WOULD YOU ADVISE someone—who doesn’t drive, doesn’t need a car and doesn’t plan to get one in the foreseeable future—to buy car insurance? I wouldn’t. But it seems some financial advisors think otherwise. That, at least, is the impression I got when an acquaintance, whom I’ll call Laura, mentioned her variable universal life insurance policy to me.
A single woman in her mid-40s, Laura has a decent income and lives on her own. She has no one other than herself to support financially. Her parents and other family members have enough savings. She has no plans to start a family, let alone with someone who might be financially dependent on her. I just didn’t get it.

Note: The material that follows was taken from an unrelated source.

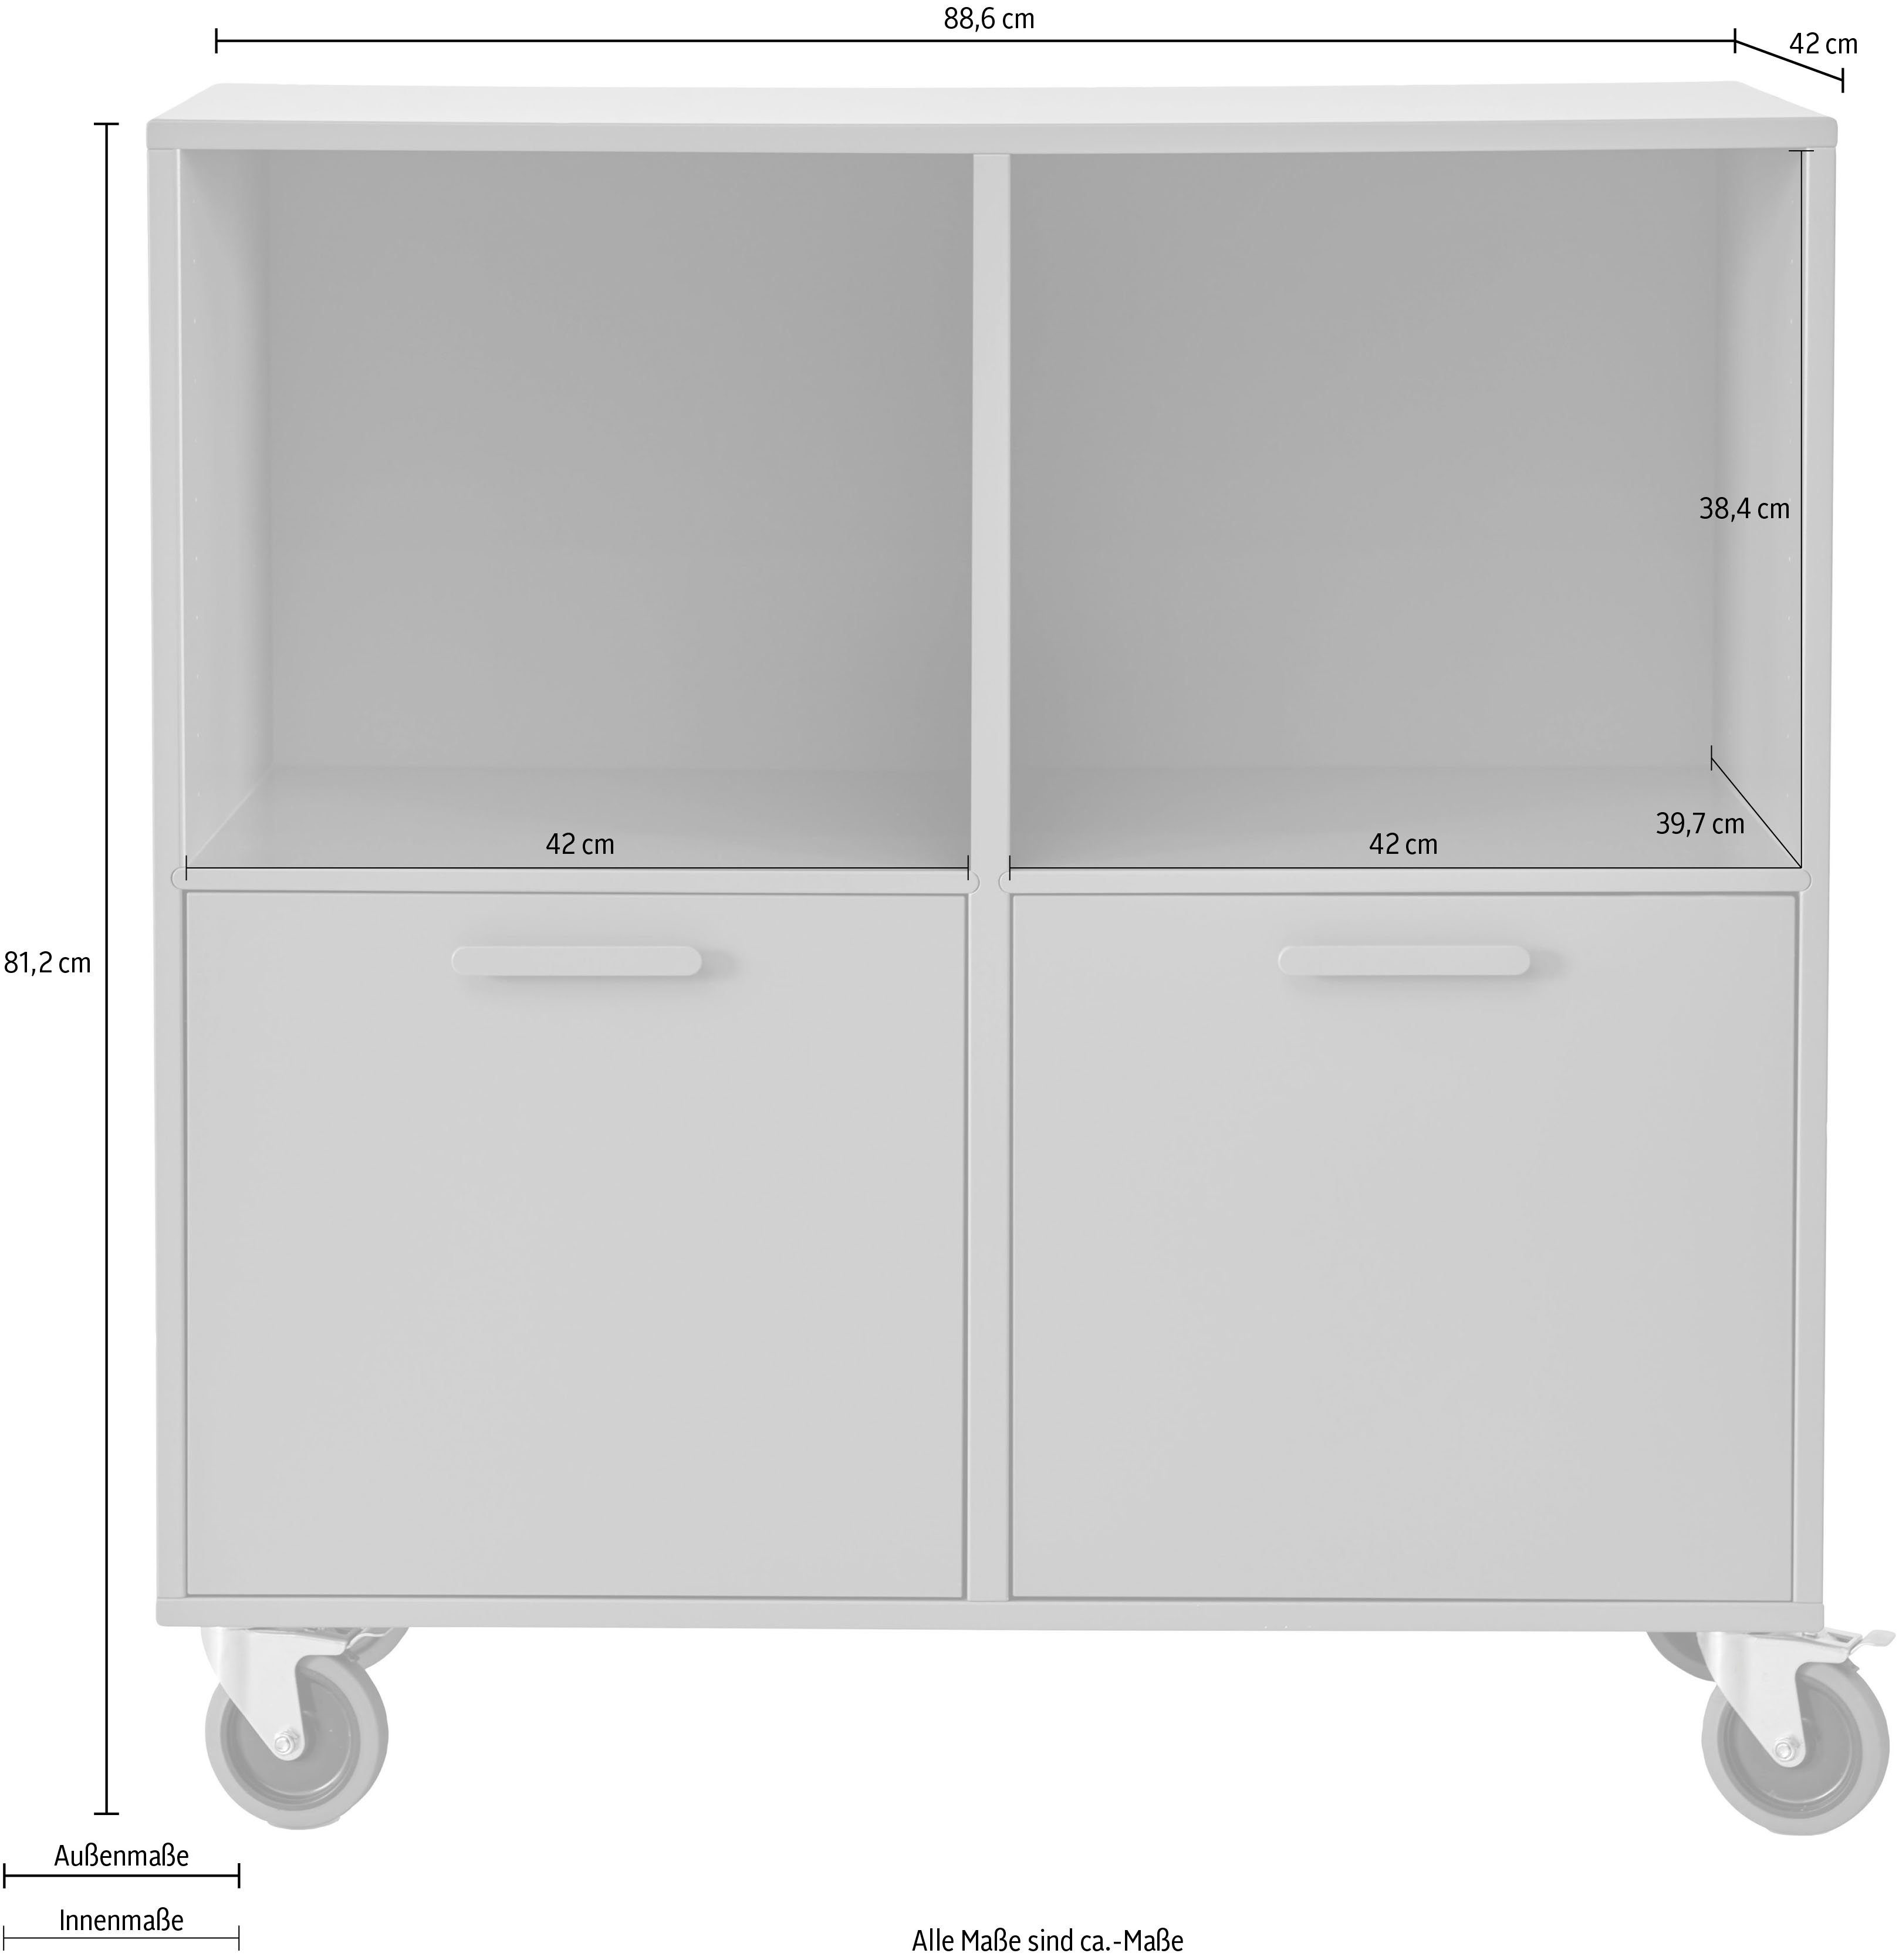 Hammel Furniture Regal Keep by Rollen, 2 mit Terrakotta flexible und Möbelserie | Türen Terrakotta Breite cm, Hammel, 88,6

It turns out that a “wealth advisor” talked her into the life insurance policy as a sophisticated, tax-advantageous strategy. Laura is far from stupid. But she’s naïve enough to follow professional financial recommendations blindly. She neither spotted the layers of fees involved, nor realized that permanent life insurance wasn’t the best way to build wealth. Now she does, and she isn’t happy about it.
It wasn’t apparent to Laura that she could’ve simply put her savings in a Roth retirement account—an even more attractive tax-advantaged vehicle—instead of investing in an insurance policy she didn’t need. To add insult to injury, when she tried to get out of the policy last year, she learned there are steep surrender charges.
This costly mistake has a silver lining. Laura realized that financial ignorance isn’t an option for her, and now she’s seeking financial education rather than financial advice. Not surprisingly, she’s highly motivated—and learning fast.